Jarcia Riojanista alerta de tres elementos del Patrimonio riojano "próximos a su desaparición"

Torremuña
JARCIA RIOJANISTA
Publicado 13/08/2016 12:00:03CET

Se trata de la Iglesia de Santa María de La Blanca en Torremuña, el puente sobre el arroyo Riajo en Santa Cecilia de Jubera y el complejo de Santa María de Rute en Ventas Blancas

LOGROÑO, 13 Ago. (EUROPA PRESS) -

Jarcia Riojanista, colectivo para la defensa y promoción del patrimonio, tradiciones y cultura riojana, critica en nota de prensa "el desvanecimiento de tres elementos patrimoniales de La Rioja" y alerta de que "si no se actúa inmediatamente sobre ellos, es posible que se produzca su extinción".

Así las cosas, el primer elemento al que alude el colectivo es la Iglesia de Santa María de La Blanca de Torremuña, pueblo situado en la cuenca del Leza. Se trata de uno de los edificios más impresionantes de la arquitectura de la sierra, su construcción data del siglo XVI, con una planta que recuerda a un castillo fortificado.

La Iglesia perteneció a las monjas Bernardas de Herce, testimonio del auge del Camero Viejo en otras épocas y que "visto actualmente se hace difícil pensar que hace cuatro o cinco siglos se concentrase tanta población en el lugar". El retablo mayor se encuentra en el Museo Provincial de Logroño.

El segundo edificio objeto de la crítica de Jarcia Riojanista se trata del puente sobre el arroyo Riajo, en la aldea de Santa Cecilia. En el camino que comunica Santa Cecilia con Santa Engracia y para atravesar el Arroyo Riajo, se sitúa este pequeño puente que data de los siglos XV-XVI. Está justo debajo del pueblo de Santa Cecilia a 1 km., hacia el noreste.

El puente de Riajo consta de un arco apuntado, fundado sobre roca en los dos arranques, con rosca y bóveda de lajas de piedra. Para el resto de la obra se utilizó aparejo de mampostería de piedra igual que las anteriores. "Se vislumbra una falta de piedras debido al desprendimiento causado por el empuje de las raíces de los zarzales y malas hierbas".

En la calzada, continúan, se han usado piedras más grandes para sujetar las tierras del interior que tienen un manto de hierba. La calzada es recta y tiene una anchura de 2,50 metros y una longitud total de 8 metros con una altura máxima rasante de 6 metros. Se precisa de una limpieza profunda y de la recolocación de cimientos para la perduración del conjunto.

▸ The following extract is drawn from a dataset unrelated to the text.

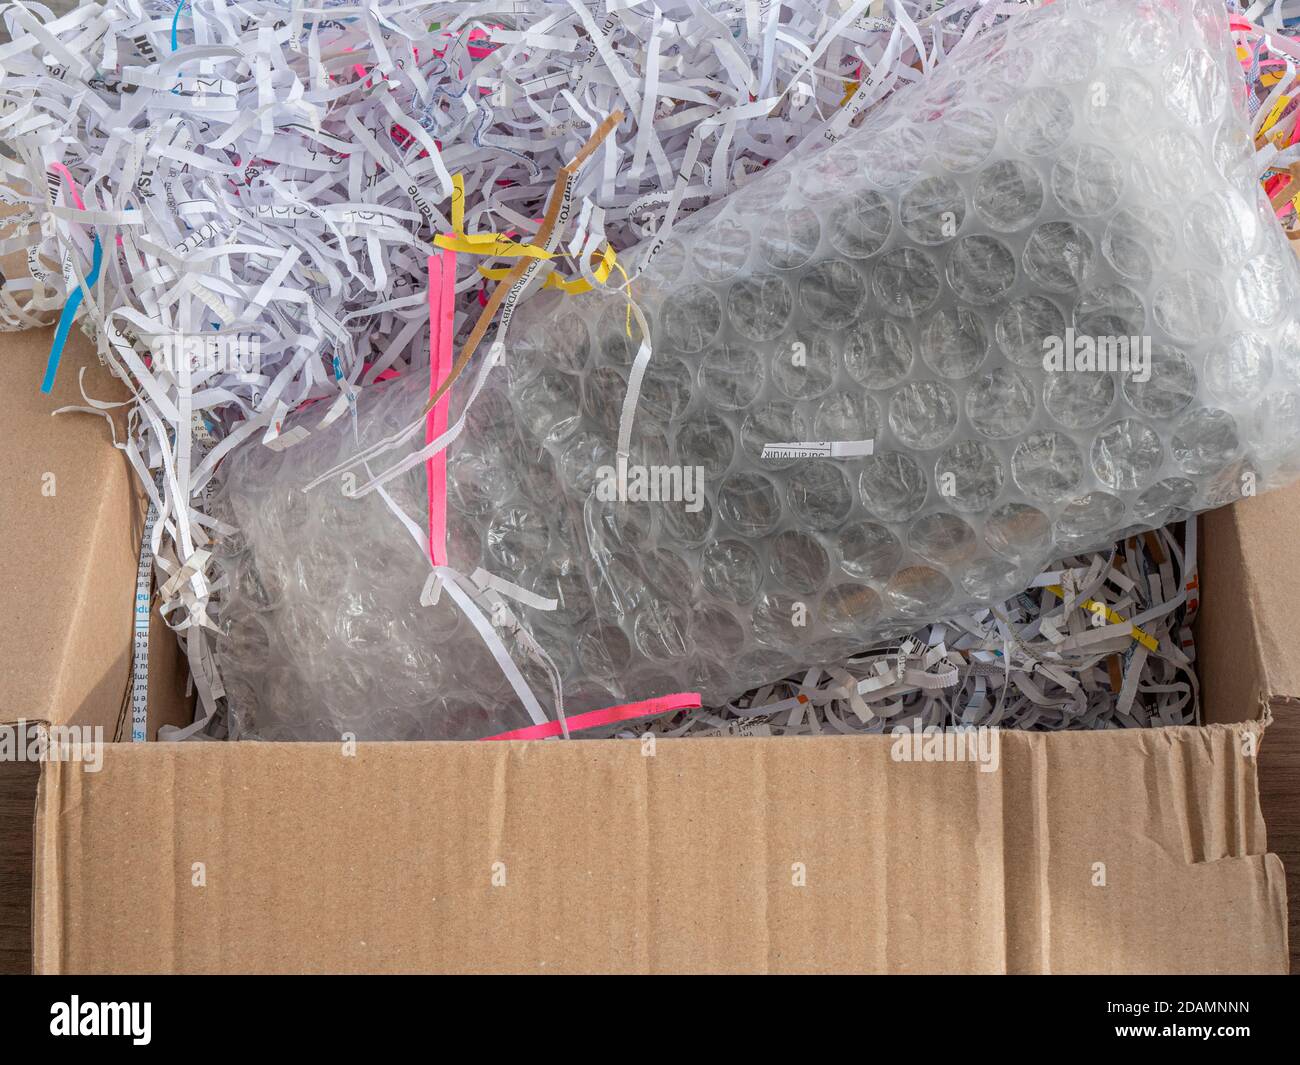 Primer plano PDV de un paquete envuelto en una burbuja en una caja de cartón, que está llena de papel triturado de embalaje. Foto de stock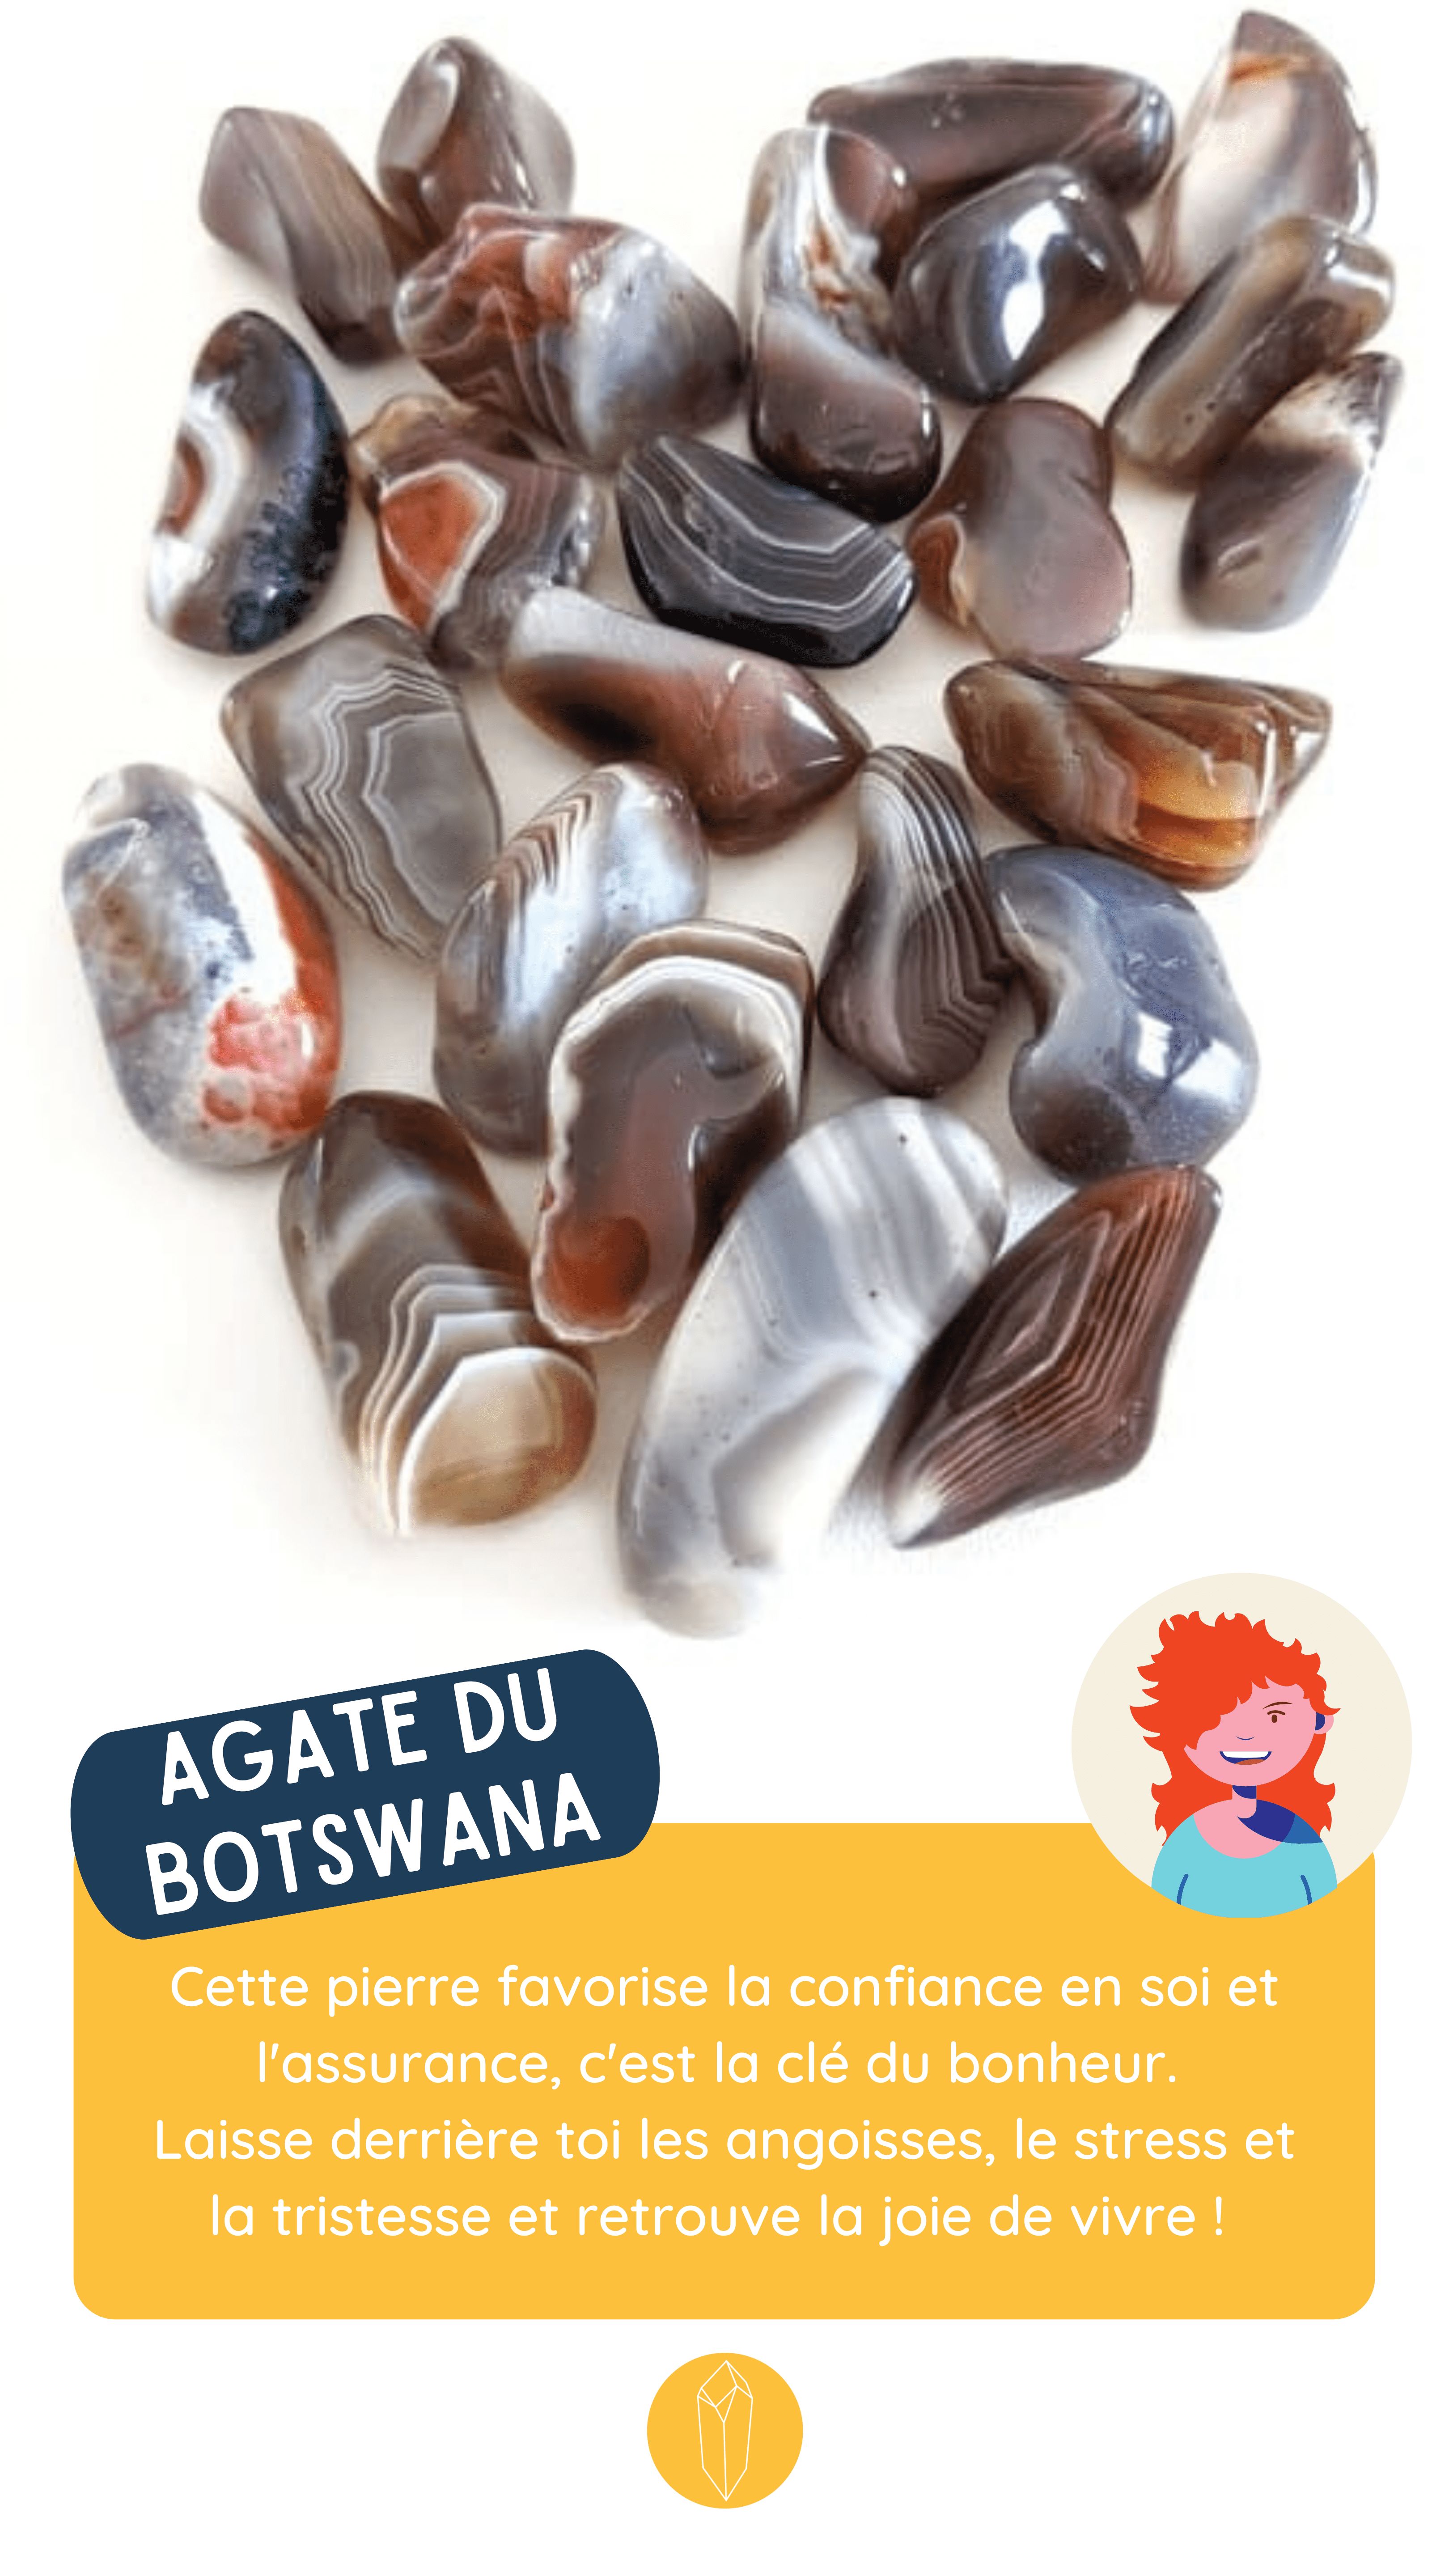 Bienfaits de l'agate du botswana

El tercer elemento patrimonial objeto de la denuncia se trata del conjunto monumental de Santa María de Rute en Ventas Blancas. Se encuentra en una terraza sobre el Río Jubera a unos 800 metros de la localidad en una zona de viñas. El complejo cuenta de una pequeña basílica visigoda levantada hacia el siglo VI, ésta consta de una sola nave rectangular y cabecera cuadrada más estrecha, construida en sillería de arenisca. El arco triunfal es de herradura sobre columnas y en el lado contrario hay un atrio de entrada.

En 1.162 se amplía con dos naves laterales convirtiéndose en un monasterio cisterciense, dependiente de Pedro Jiménez, Señor de Cameros, desde el cual sería posible efectuar las tareas reorganizadoras en el valle del Jubera.

La historiografía tradicional muestra la vinculación de Santa María de Rute con el Monasterio de San Prudencio y los señoríos cameranos. Las naves probablemente se cubrían a cielo raso aunque es difícil de determinar ya que sólo se conserva el arranque de los muros, la cabecera por su parte se cubría con una cúpula de piedra de toba sobre pechinas de la que sólo queda el comienzo.
Aunque en la década de los 70 se efectuaron excavaciones arqueológicas, "el estado actual es de ruina total y la parte excavada está totalmente descuidada y llena de maleza lo que hace difícil distinguir los muros y las distintas dependencias".